#### BRIEF
A verbatim copy of the listing is what is needed, minus any pictures.

#### SUPPLIED INFORMATION
---*---

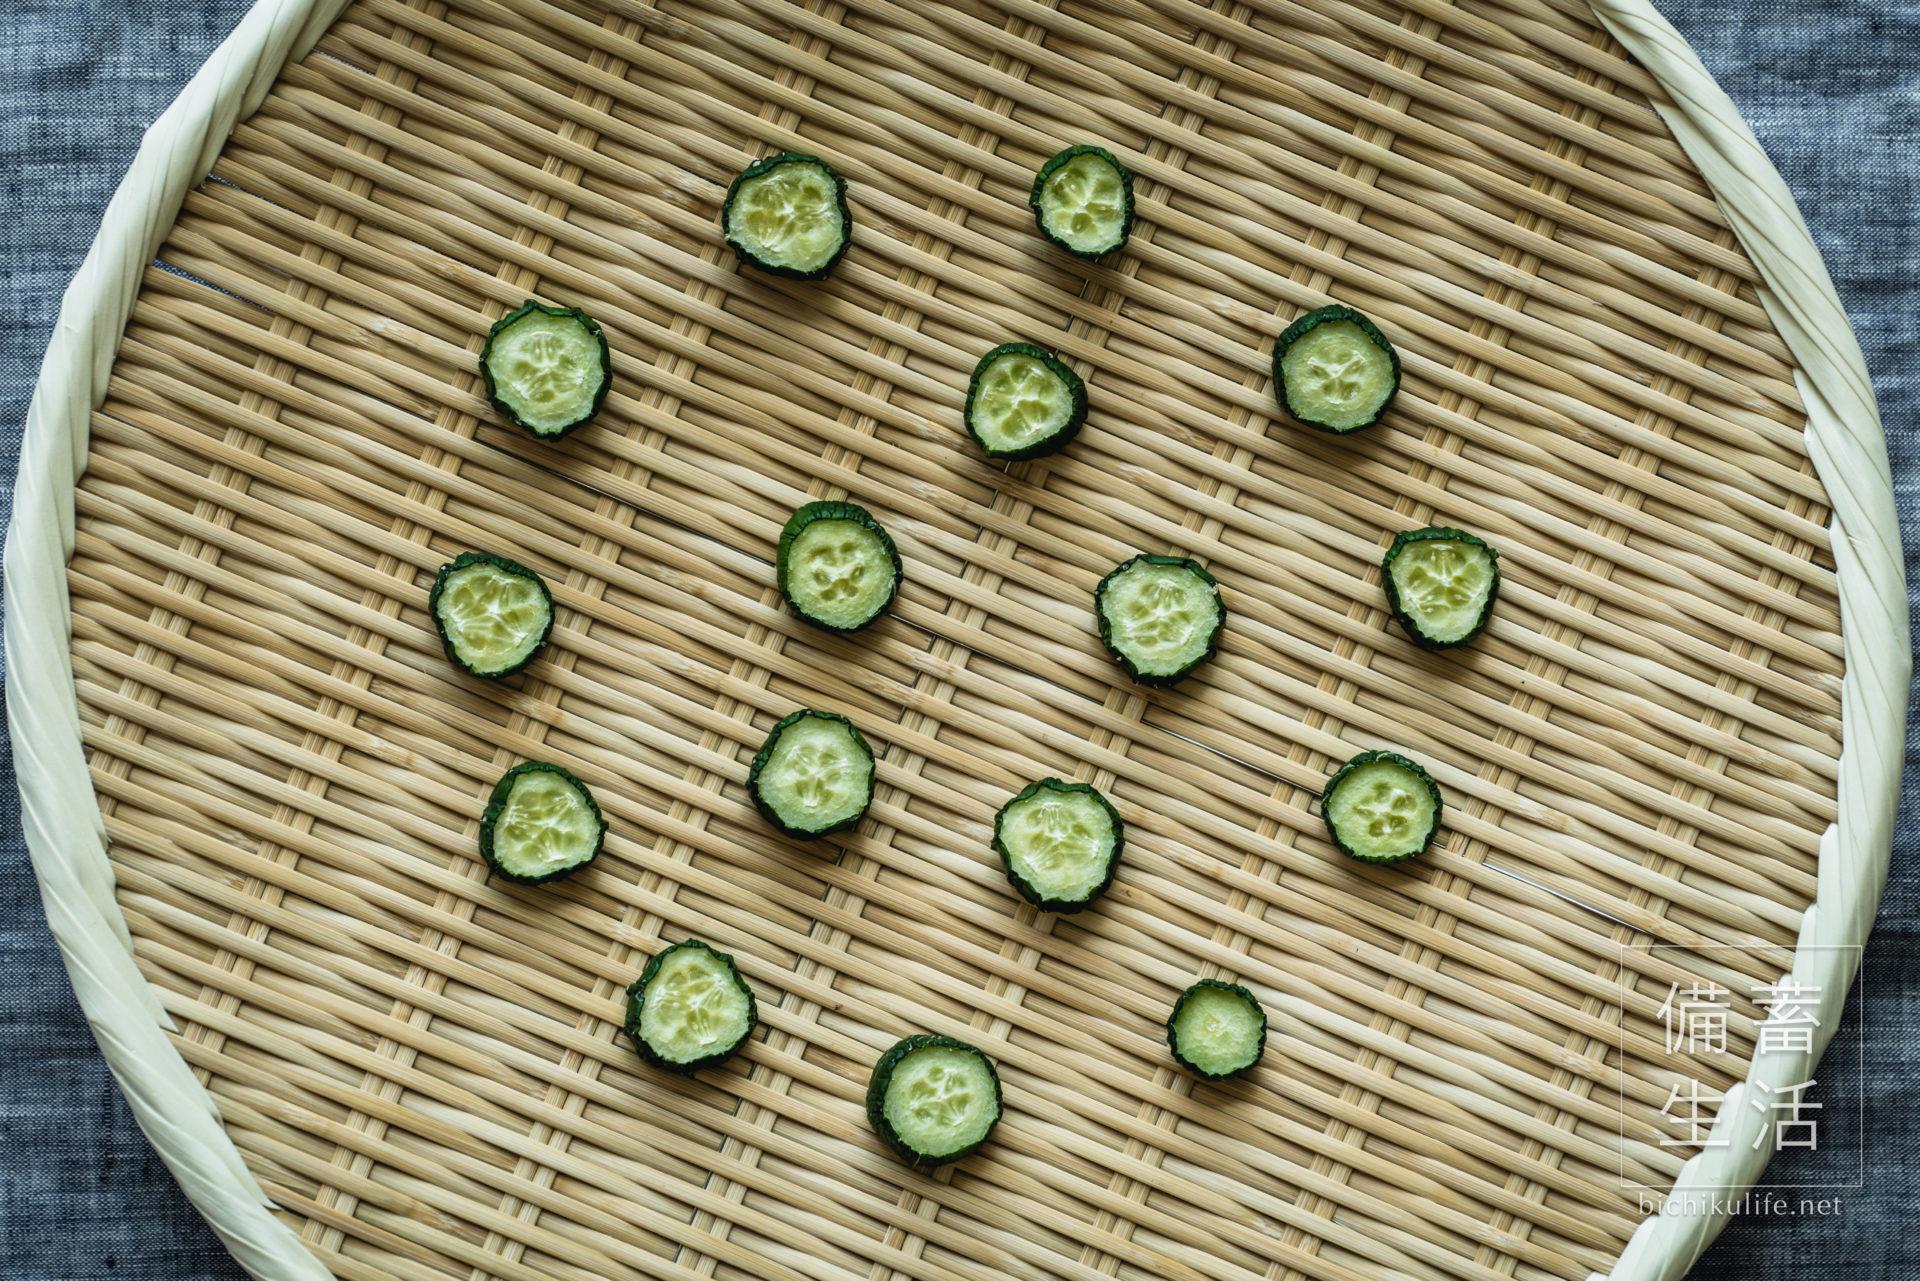 きゅうり 干し野菜づくり -干し胡瓜-
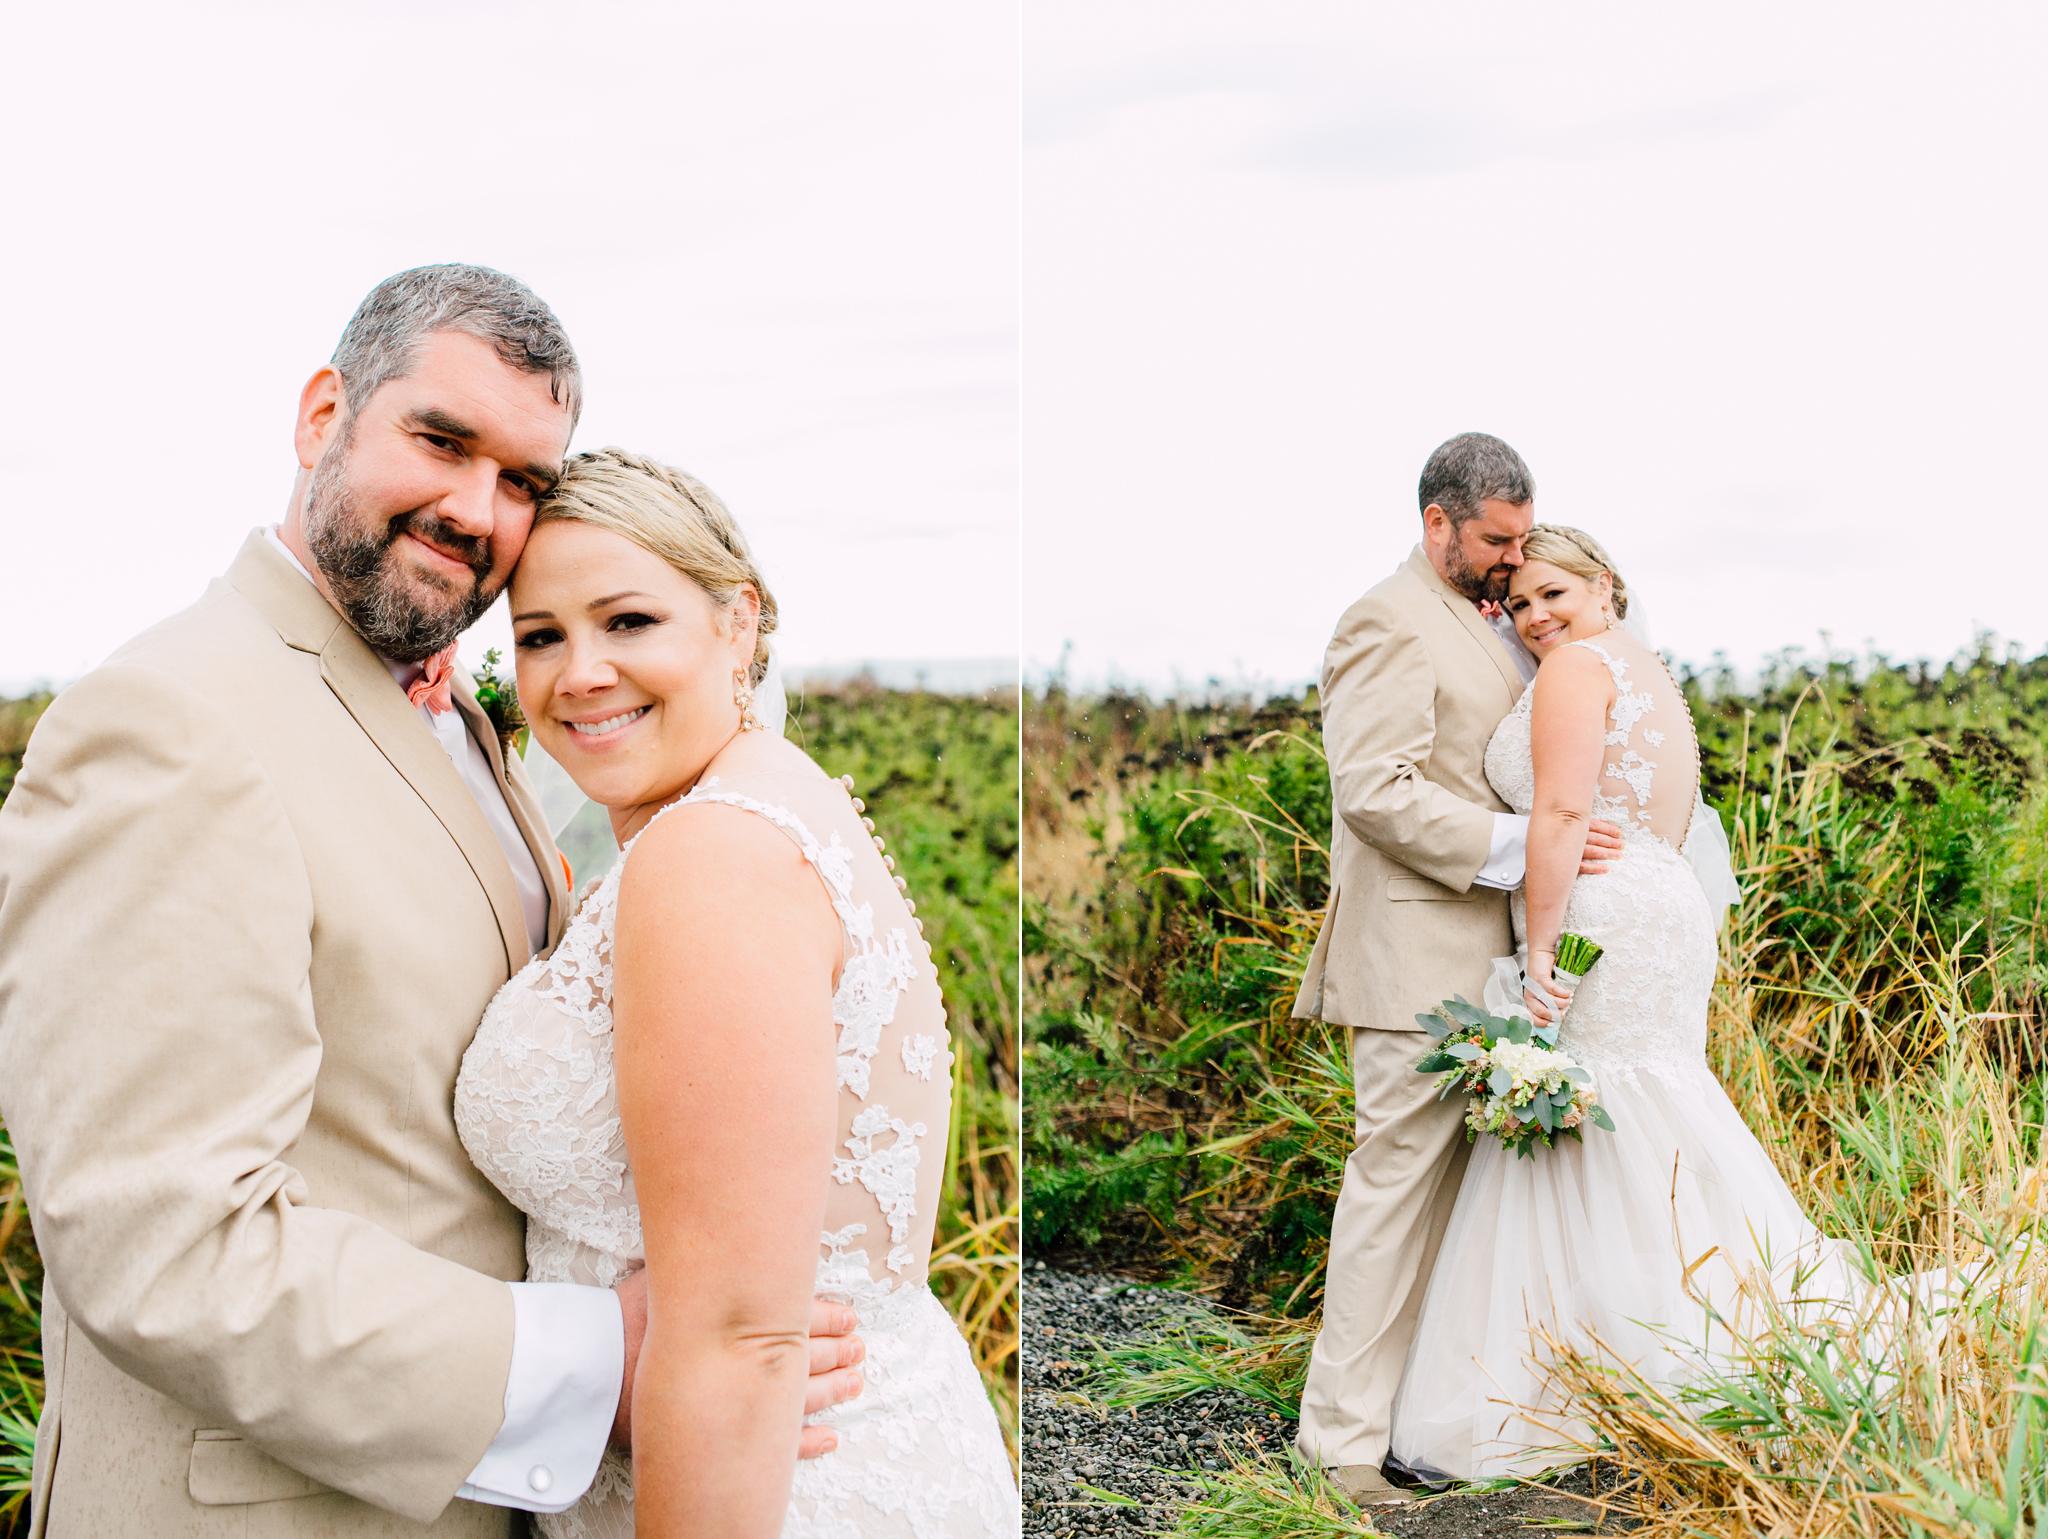 019-bellingham-wedding-photographer-beach-katheryn-moran-elisa-phillip.jpg
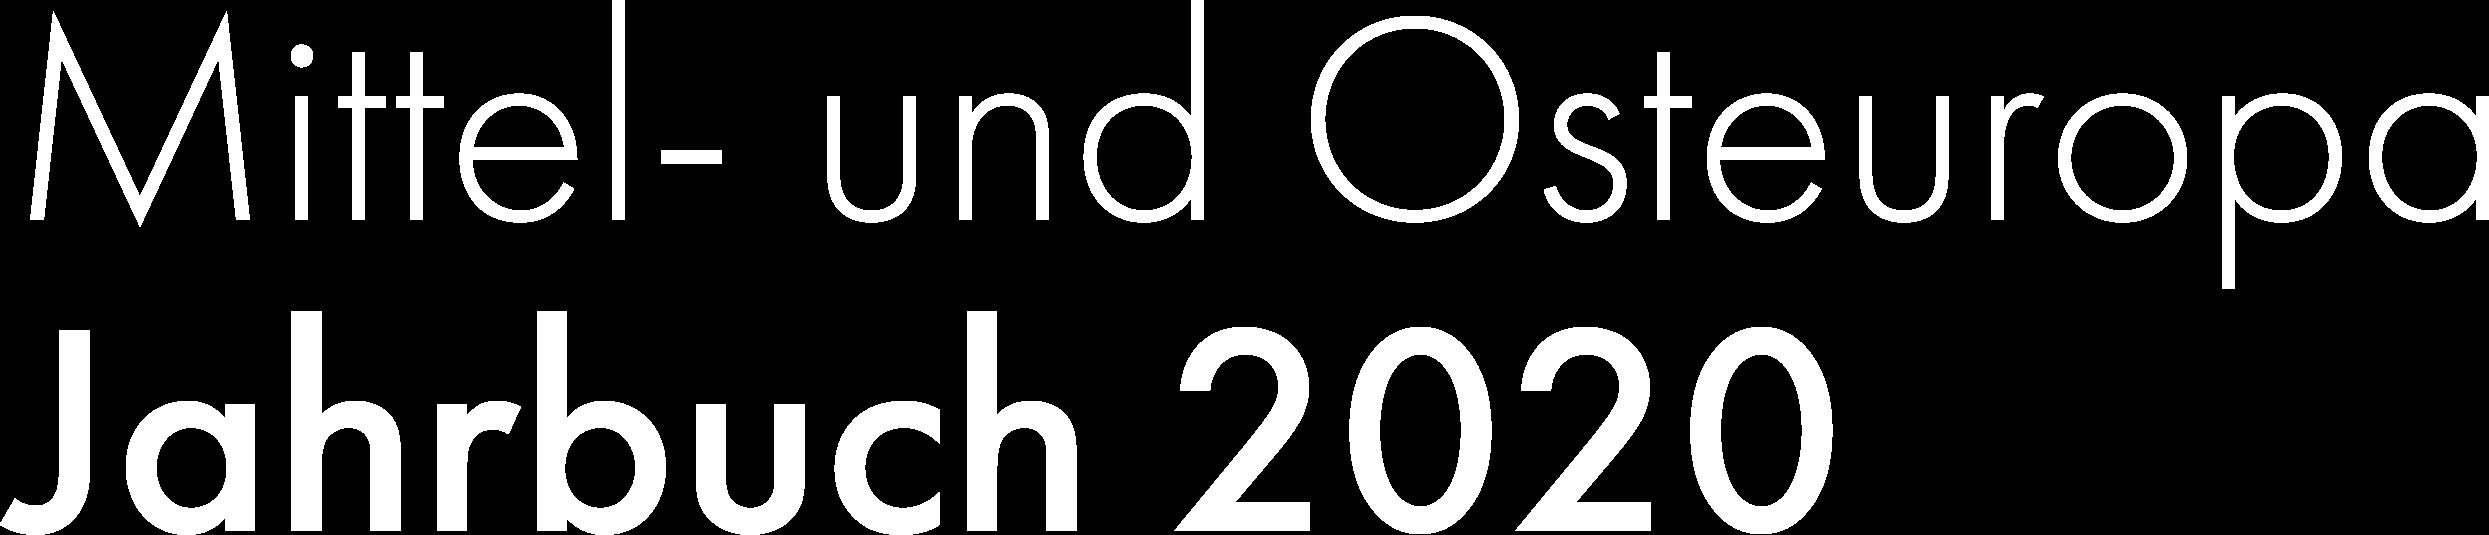 https://owc.de/wp-content/uploads/2020/04/Unbenannt-4.png

---*---

#### REPLY
 きゅうり 干し野菜づくり -干し胡瓜-
 019-bellingham-wedding-photographer-beach-katheryn-moran-elisa-phillip.jpg
 https://owc.de/wp-content/uploads/2020/04/Unbenannt-4.png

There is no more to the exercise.